I recently noticed a change in the access list for my 2600, which is used as a DSL firewall. I'm seeing IP addresses permitted that I didn't enter. When I try to either reload the ACL or deny those addresses, they get repopulated. Here's the ACL as stored in a text file:
no access-list 102
access-list 102 permit tcp any host 65.184.57.73 established
access-list 102 permit tcp 216.227.56.120 65.184.57.73 any
access-list 102 permit tcp 65.187.0.151 65.184.57.73 any
access-list 102 permit tcp any host 172.17.0.0 established
access-list 102 permit tcp 216.227.56.120 172.17.0.0 any
access-list 102 permit tcp 65.187.0.151 172.17.0.0 any
access-list 102 permit udp 216.227.56.120 172.17.0.0 any
access-list 102 permit udp 65.187.0.151 172.17.0.0 any
access-list 102 permit udp 216.227.56.120 65.184.57.73 any
access-list 102 permit udp 65.187.0.151 65.184.57.73 any
access-list 102 permit udp host 65.184.57.73 any eq 44444
access-list 102 permit udp host 65.184.57.73 any eq isakmp
access-list 102 permit esp host 65.184.57.73 any
access-list 102 permit icmp any any echo-reply
access-list 102 permit icmp any any redirect
access-list 102 permit icmp any any administratively-prohibited
access-list 102 permit icmp any any time-exceeded
access-list 102 permit icmp any any source-quench
access-list 102 permit icmp any any unreachable
access-list 102 deny icmp any any log
access-list 102 deny ip 10.0.0.0 0.255.255.255 any log
access-list 102 deny ip 172.16.0.0 0.15.255.255 any log
access-list 102 deny ip 192.168.0.0 0.0.255.255 any log
access-list 102 deny ip host 65.184.57.73 any log
And here's what I get with a show run command immediately after entering the above commands:
Extended IP access list 102
permit tcp any host 65.184.57.73 established
permit tcp 152.67.0.48 65.184.57.73 any
permit tcp 0.3.0.150 65.184.57.73 any
permit tcp any host 172.17.0.0 established
permit tcp 80.226.56.120 172.17.0.0 any
permit tcp 65.170.0.151 172.17.0.0 any
permit udp 80.226.56.120 172.17.0.0 any
permit udp 65.170.0.151 172.17.0.0 any
permit udp 152.67.0.48 65.184.57.73 any
permit udp 0.3.0.150 65.184.57.73 any
permit udp host 65.184.57.73 any eq 44444
permit udp host 65.184.57.73 any eq isakmp
permit esp host 65.184.57.73 any
permit icmp any any echo-reply
permit icmp any any redirect
permit icmp any any administratively-prohibited
permit icmp any any time-exceeded
permit icmp any any source-quench
permit icmp any any unreachable
deny icmp any any log
deny ip 10.0.0.0 0.255.255.255 any log
deny ip 172.16.0.0 0.15.255.255 any log
deny ip 192.168.0.0 0.0.255.255 any log
deny ip host 65.184.57.73 any log
What's going on here?

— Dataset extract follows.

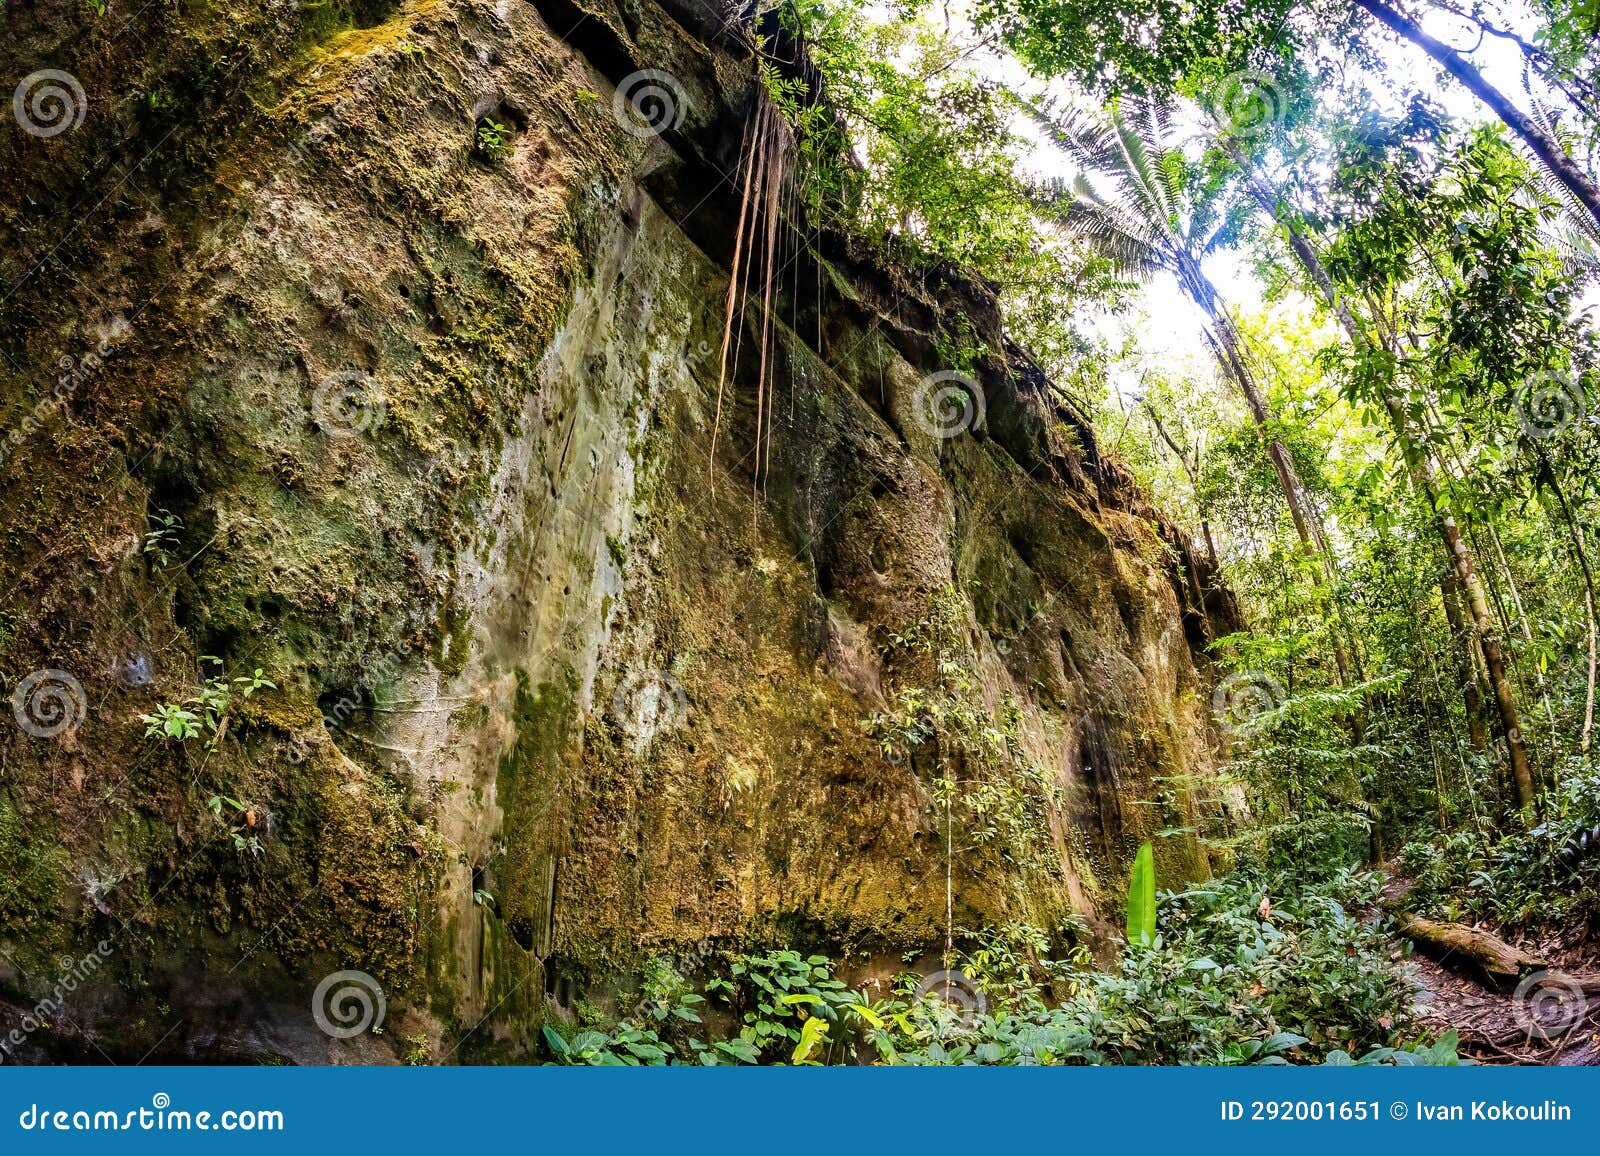 view of maroaga cave in jungle at presidente figueiredo brazil

Even if I reload the router from tftp, I still get the same scenario, same addresses. Have I been hacked or is something else going on?
I'm relatively green about the finer points of router security...
this is CBAC at work. Your router is creating rules for connections YOU are establishing from the inside to get out and back in. This is normal and is similar to the operation of a DMZ host in a firewall that needs to be able to send response packets to
connections (such as smtp, or www) from the internet.
Do you have ip inspect rules or something configured ?
This happens even after a complete reload of the OS (newer version; went from 12.0(7)T to 12.1(1)) from Cisco to flash and wiped config and rebuilt it from scratch. No change.
the config build was done with no outside connection and the address still shows up. Also, the 0.3.0.150 address isn't a valid address. The other ones are unreachable.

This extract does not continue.